#### Your task
Would you please repeat exactly the entries below, starting at the line with "TOP TOYS FOR 2 YEAR OLDS" and ending at the line with "how to write", and nothing outside that range? Leave out the pictures.

#### Records provided

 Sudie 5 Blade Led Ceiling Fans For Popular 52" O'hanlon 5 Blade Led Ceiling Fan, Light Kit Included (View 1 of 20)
* * *
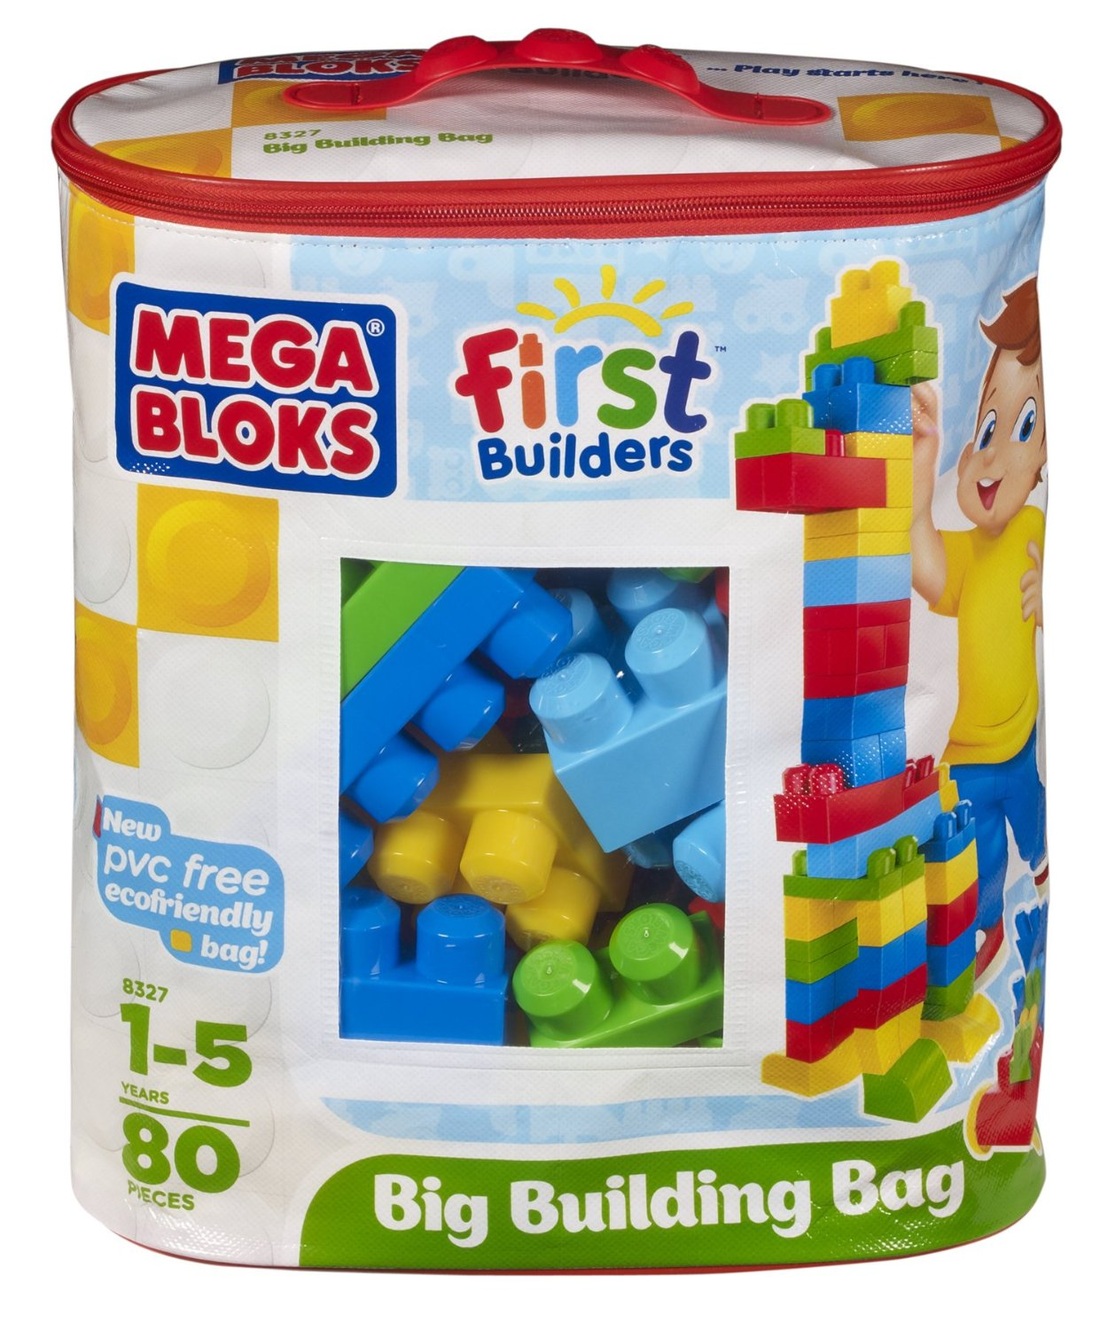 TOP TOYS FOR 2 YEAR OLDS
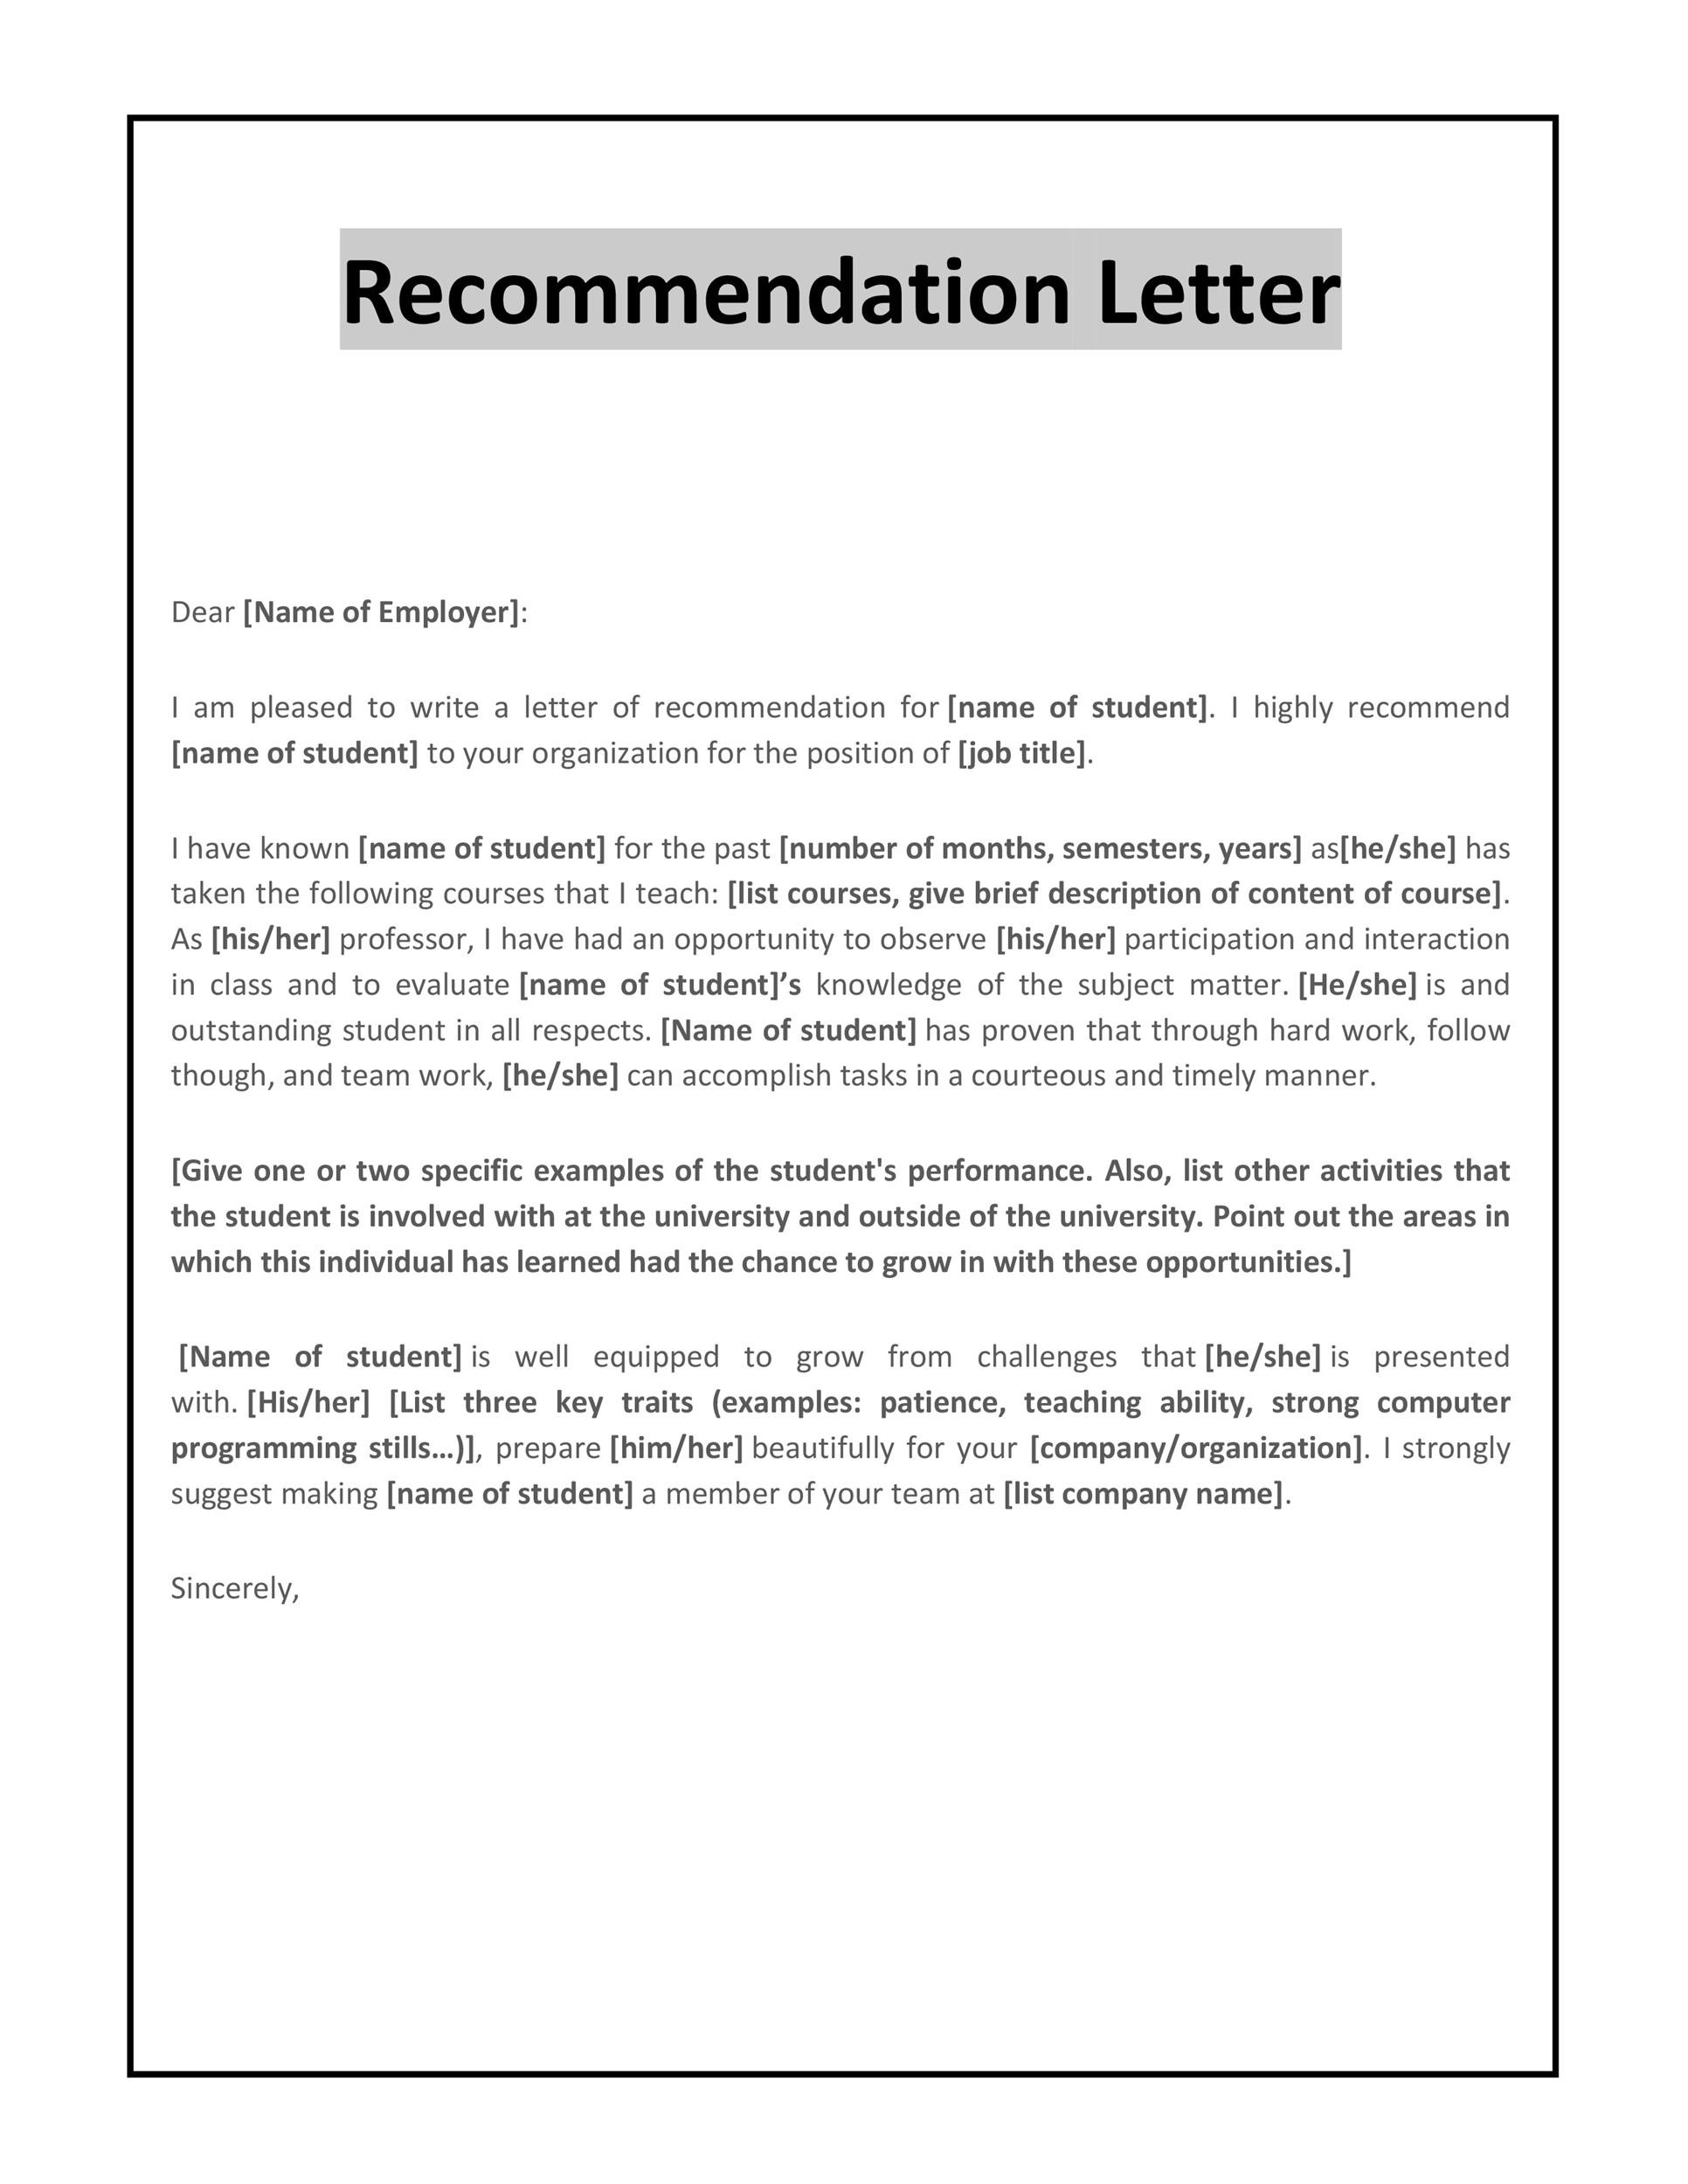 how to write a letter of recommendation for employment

#### Answer to this exercise
 TOP TOYS FOR 2 YEAR OLDS
 how to write a letter of recommendation for employment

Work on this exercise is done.